In a sign of just how bad things have become for the airline industry since coronavirus hit, British Airways today stopped flying from Gatwick Airport.
The decision - which comes just one day after EasyJet grounded its carriers for two months - was taken as air travel has all but dried up at the UK's second largest airport with only a dozen commercial flights due to take off from Gatwick each day this week.
IAG owned British Airways hopes that by suspending operations at Gatwick it can cut costs as the company battles the industry’s worst crisis in decades.
The airline is still running flights to and from Heathrow and will keep equipment for essential functions at Gatwick, such as maintenance, towing and cleaning, to enable it to restart operations quickly.
It comes as yesterday IAG said it had extended a £1.09 billion credit buffer by a year to June 2021. This means it has access to £8 billion in cash which it can use to get through the crisis.

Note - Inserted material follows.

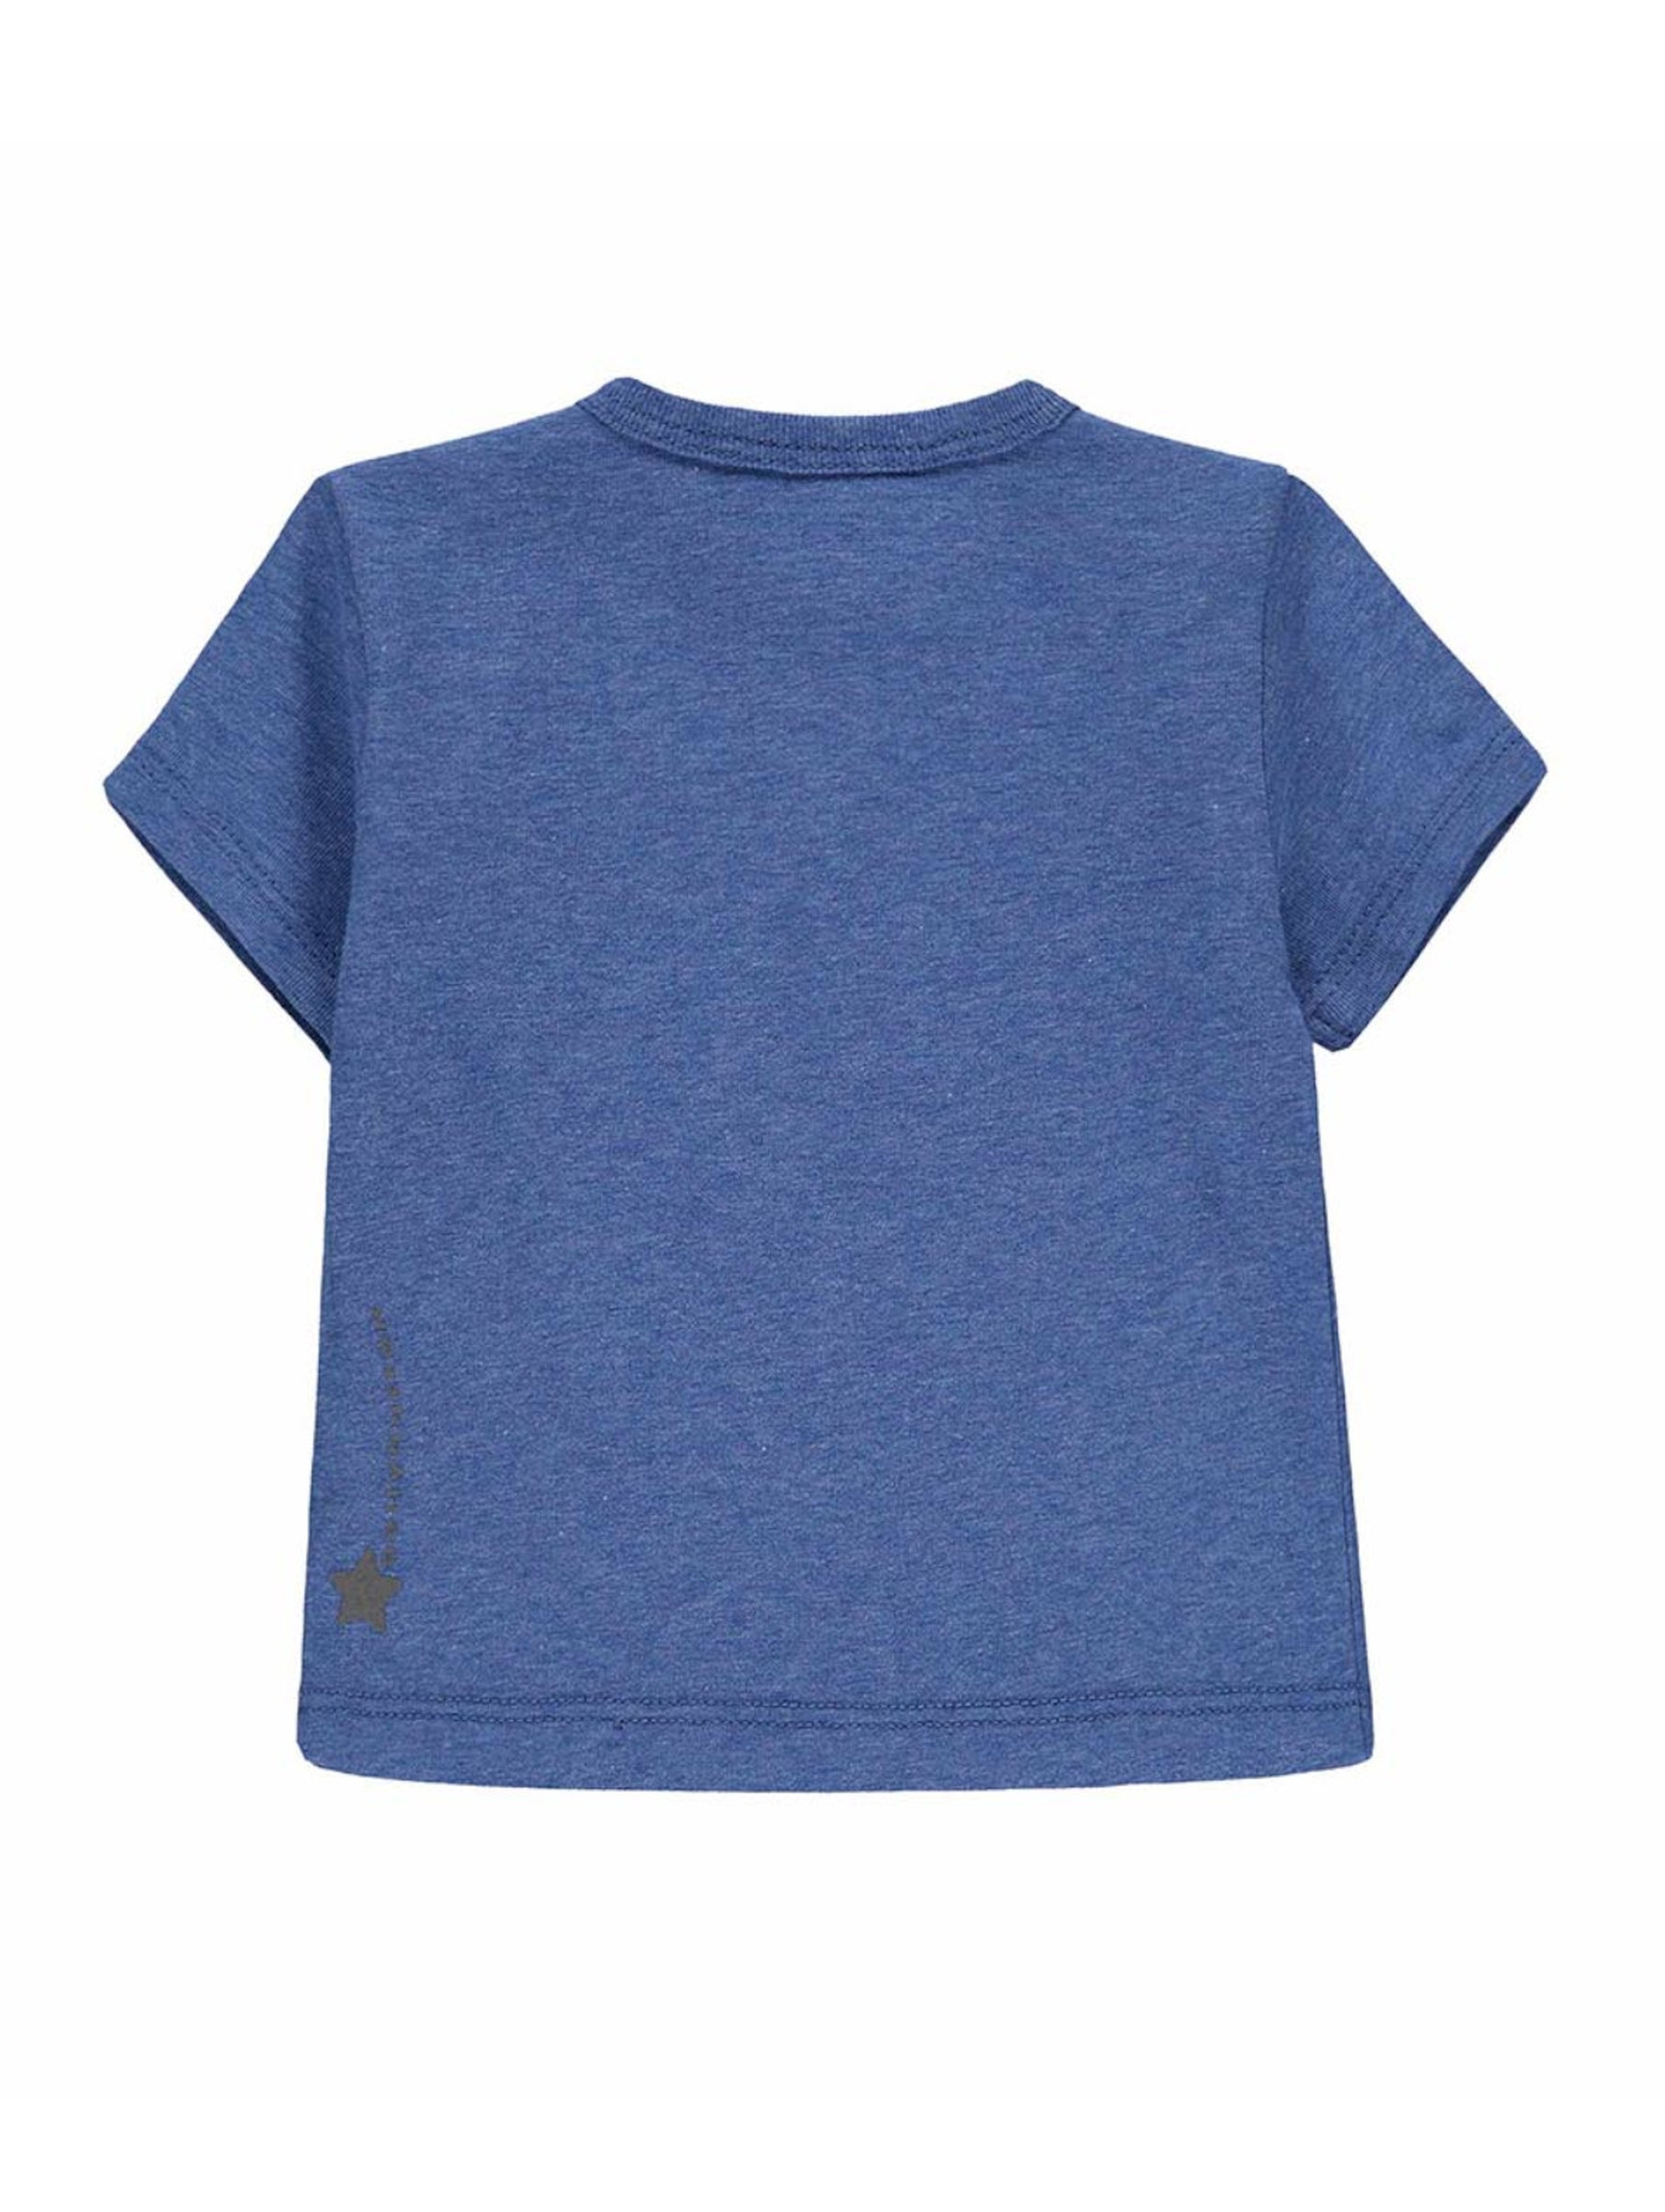 Koszulka chłopięca krótki rękaw, niebieska z nadrukiem, Bellybutton
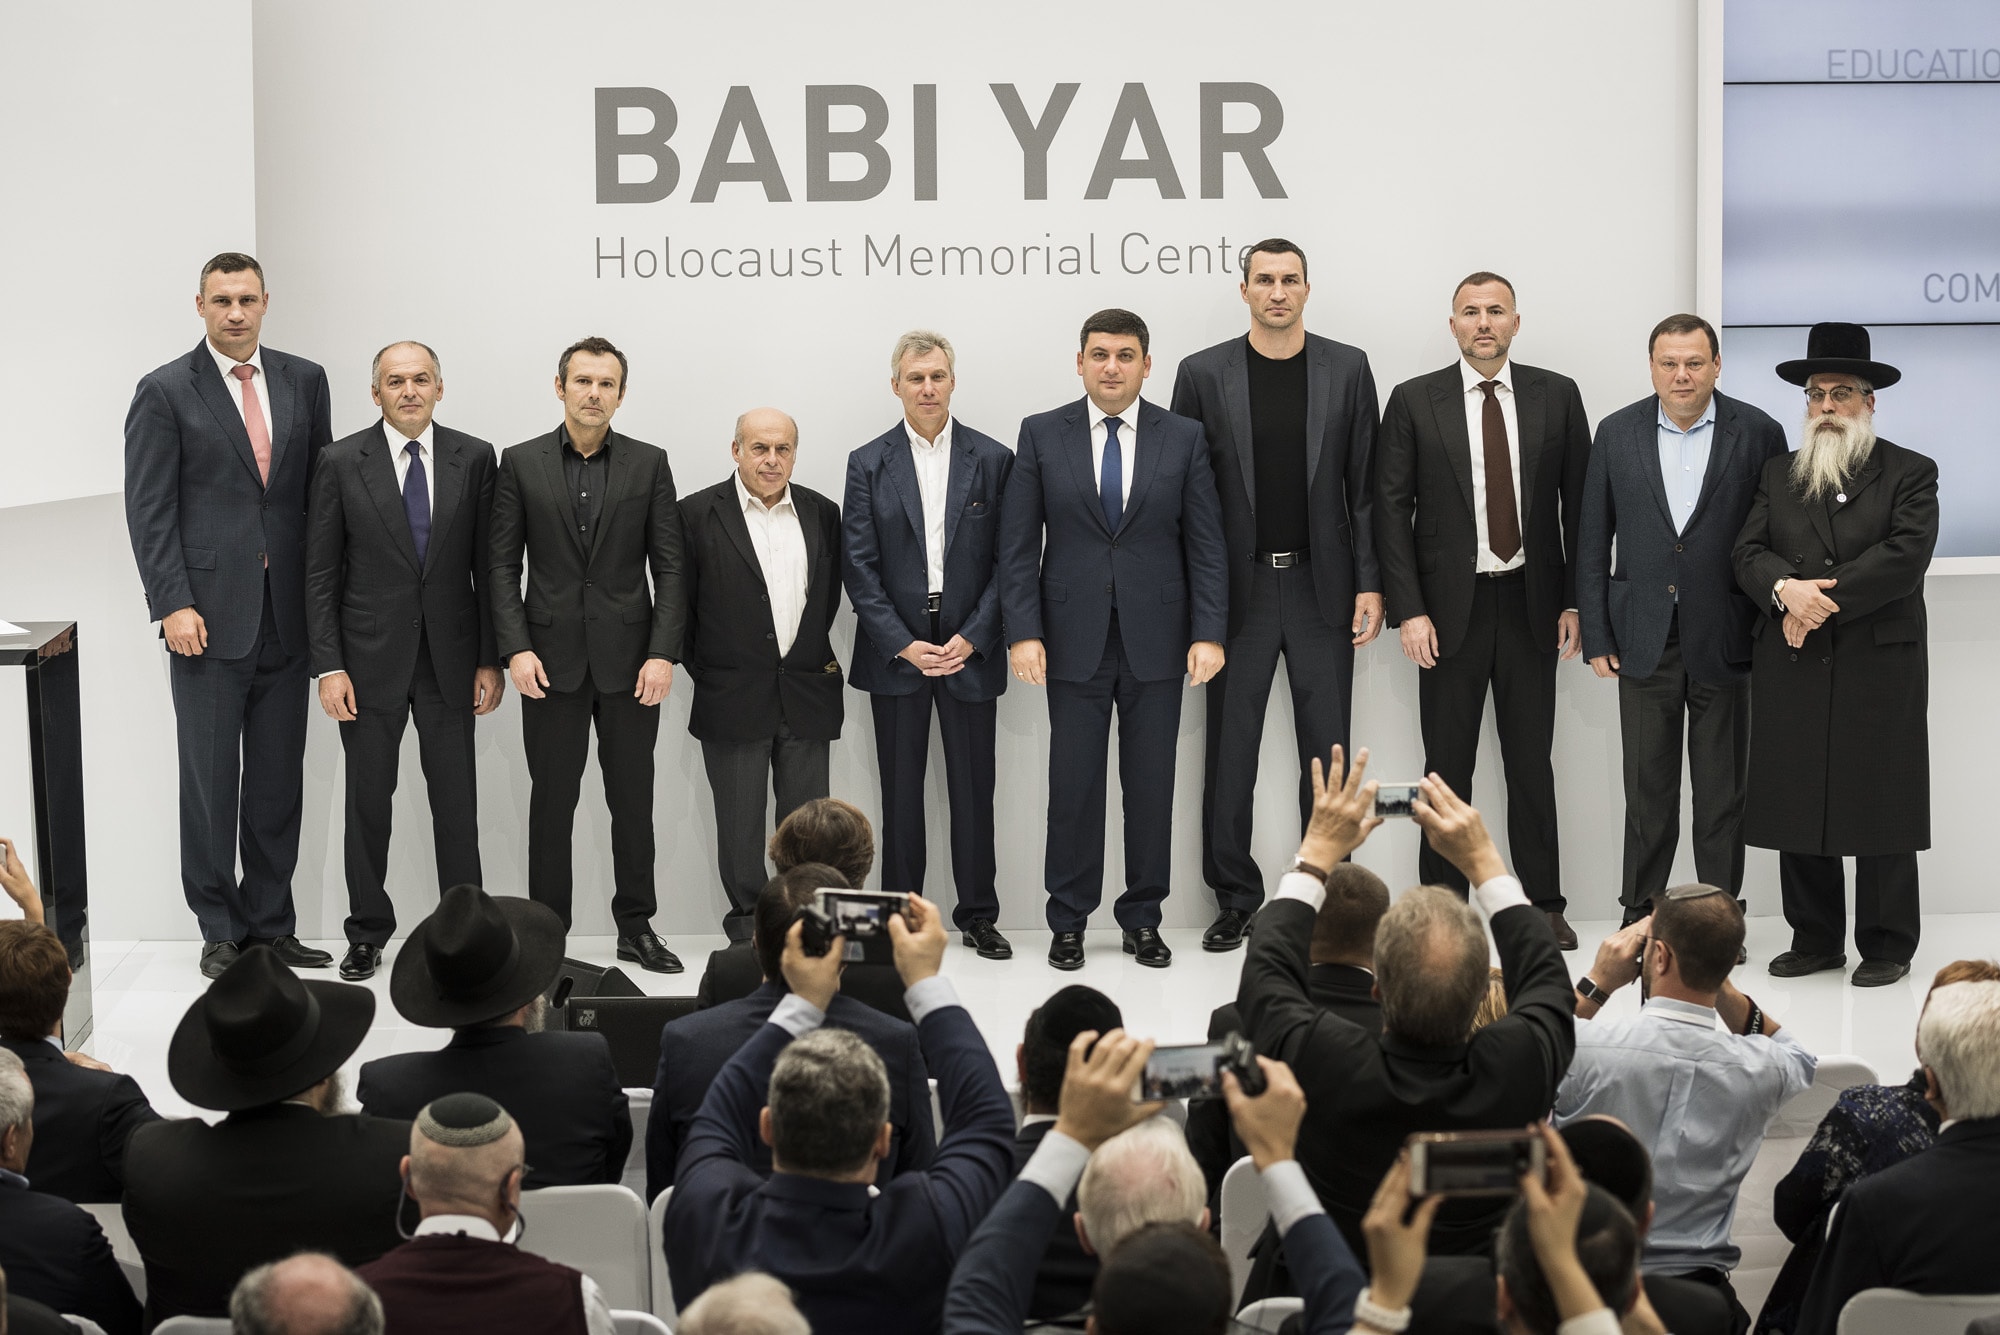 New Holocaust Memorial Center at Babi Yar

Shares rose - up 16.2p at 218p - as investors believe these recent measures show the airline is unlikely to require a government bailout.
IAG helped push the FTSE 100 up 8.84 points at 5572.57. The index was also buoyed by fresh stats out of China which showed official manufacturing PMI data rose to 52, ahead of the 45 forecast and well up from the coronavirus-impacted 35.7 in February, which was a record low.
Cigarette makers Imperial Brands and British American Tobacco were higher after they said there had been no impact on their businesses from coronavirus.
Like the booze industry, being stuck indoors is only likely to make people smoke more rather than less.
Imperial Brands also secured a new £3.13 billion credit line, while British American Tobacco said it had arranged a fresh £1.9 billion facility.
Shares in Imperial rose 123p at 1454p and British American Tobacco added 41p at 2680p.
There was a rise too in Burford Capital shares – up 7.4p at 404p – after analysts at Jefferies said the litigation financier might be about to embark on a share buyback programme.
Julian Roberts, analyst at the broker, said: “Burford has commented that it sees investment in new litigation assets as the best use of capital. But with the share price at the lows of August, or 2016, we think a buyback must be realistic.”
Burford shares fell heavily in August last year after the company came under attack from short seller Carson Block and his firm Muddy Waters who questioned the litigation financier’s accounting practises.